You may also need to compare the 90th percentile with the median, quartiles, or other cutoffs to describe shape and spread. On calculation questions, watch the method your class uses, because some problems use a locator formula while others rely on interpolation or calculator output. The common mistake is reading percentile like a percentage score or forgetting that it depends on ordered data, not the raw arrangement of values.

The 90th Percentile vs Median

The median is the 50th percentile, which cuts the data in half. The 90th percentile is much farther to the right in an ordered dataset and describes the upper tail, not the center. If you mix them up, you will describe the wrong part of the distribution.

Key things to remember about the 90th Percentile

  • The 90th percentile is the value that 90% of the data fall below or at.

  • It is a location measure, so it tells you where a value sits in ordered data instead of giving an average.

  • In Intro to Statistics, the 90th percentile is useful for describing the upper end of a distribution, especially when the data are skewed.

  • Do not confuse the 90th percentile with getting 90% on a quiz. It is about rank in the data, not score percentage.

  • When you interpret it in context, always say what proportion of the data are below the value and what that means for the situation.

Frequently asked questions about the 90th Percentile

What is 90th Percentile in Intro to Statistics?

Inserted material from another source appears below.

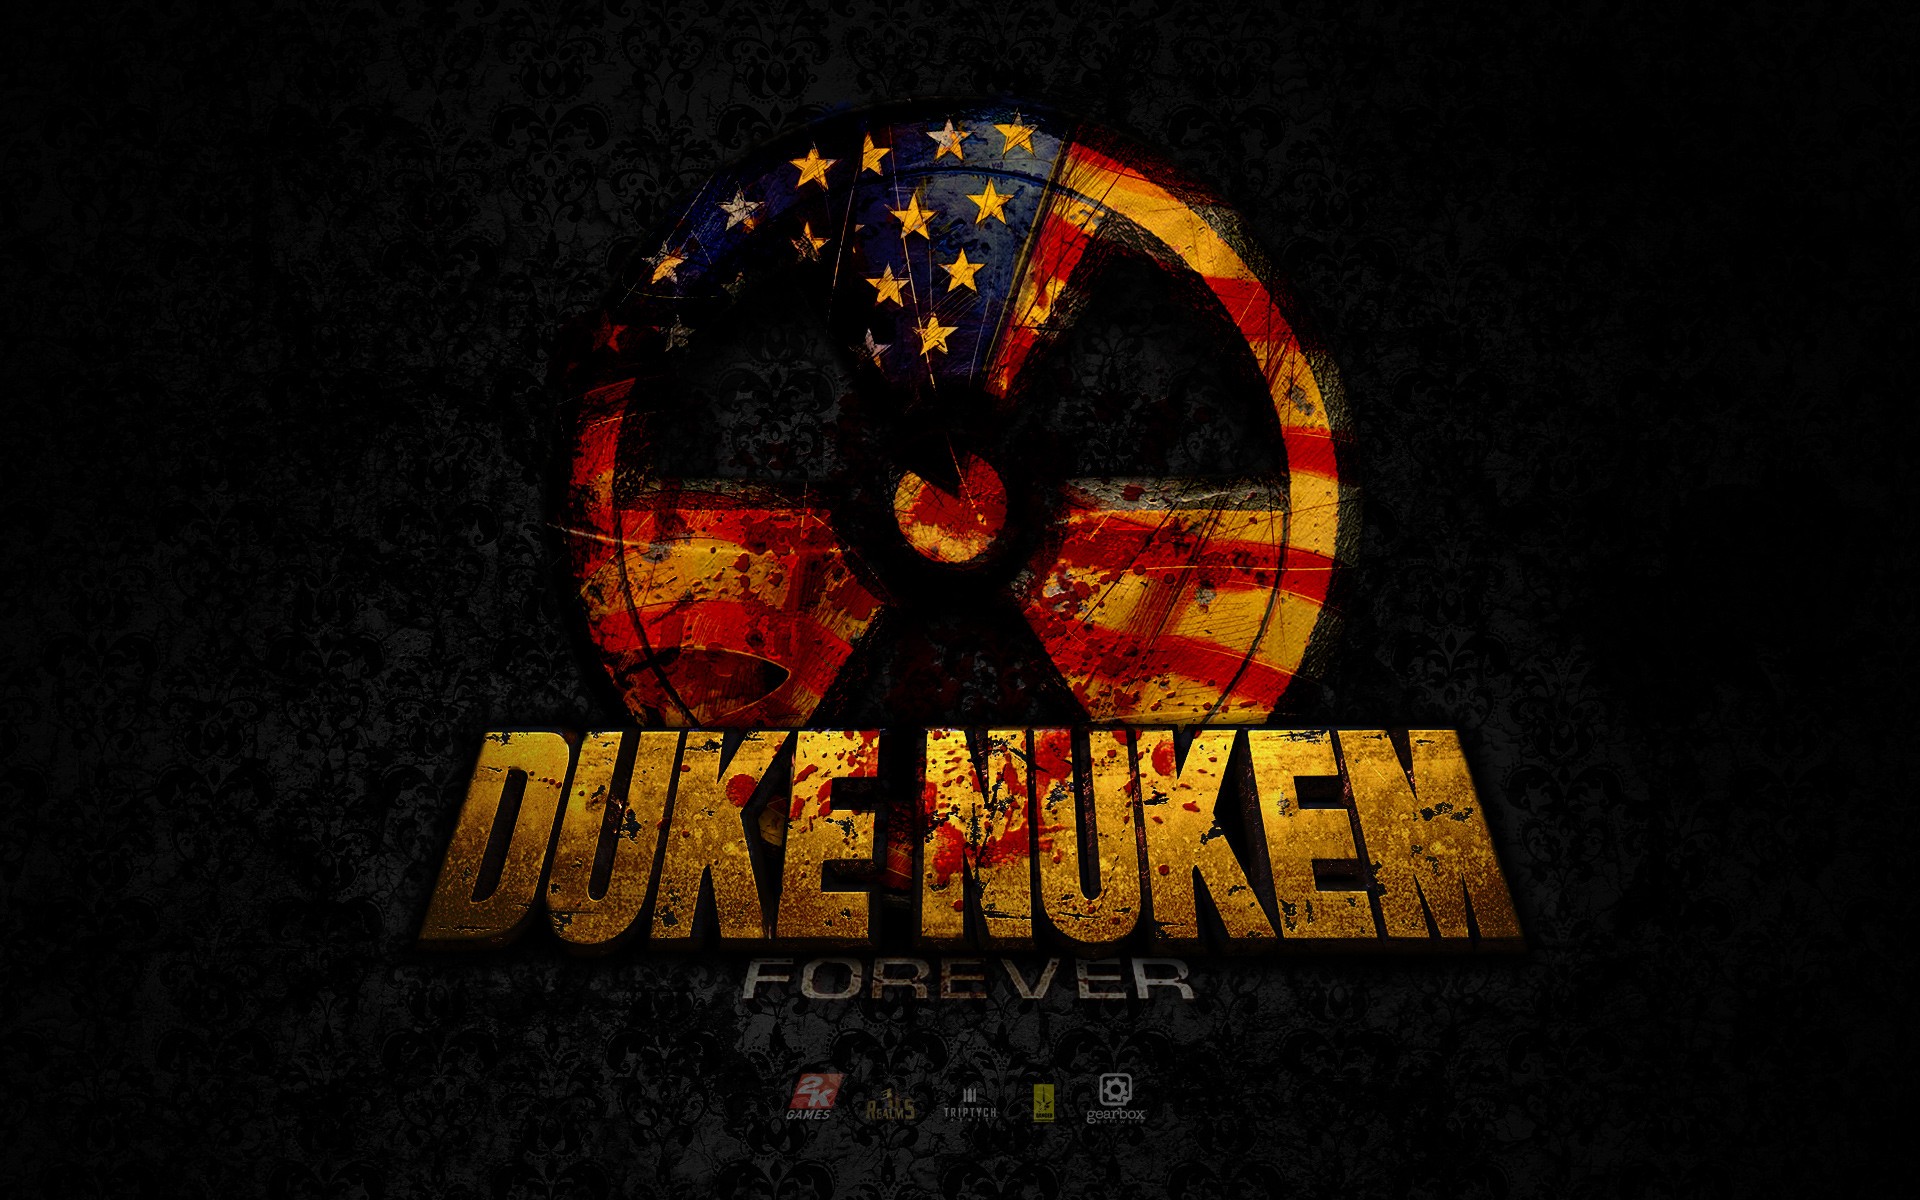 General 1920x1200 logo Duke Nukem Forever nuclear video games video game art

It is the value below which 90% of the observations in a dataset fall. In Intro to Statistics, you use it to describe where the upper end of the data is, especially when you want a threshold or cutoff instead of an average.

Is the 90th percentile the same as 90%?

No. The 90th percentile is not a score of 90% or a grade percentage. It means 90% of the data are at or below that value, which is a statement about position in the dataset.

How do you find the 90th percentile?

First, order the data from smallest to largest. Then locate the position that corresponds to 90% of the ordered list, using your class method or calculator rules. If the position falls between two values, you may need interpolation.

How is the 90th percentile different from the median?

The median is the 50th percentile, so it marks the middle of the dataset. The 90th percentile sits near the top and shows a cutoff for the highest 10% of values. They describe very different parts of the distribution.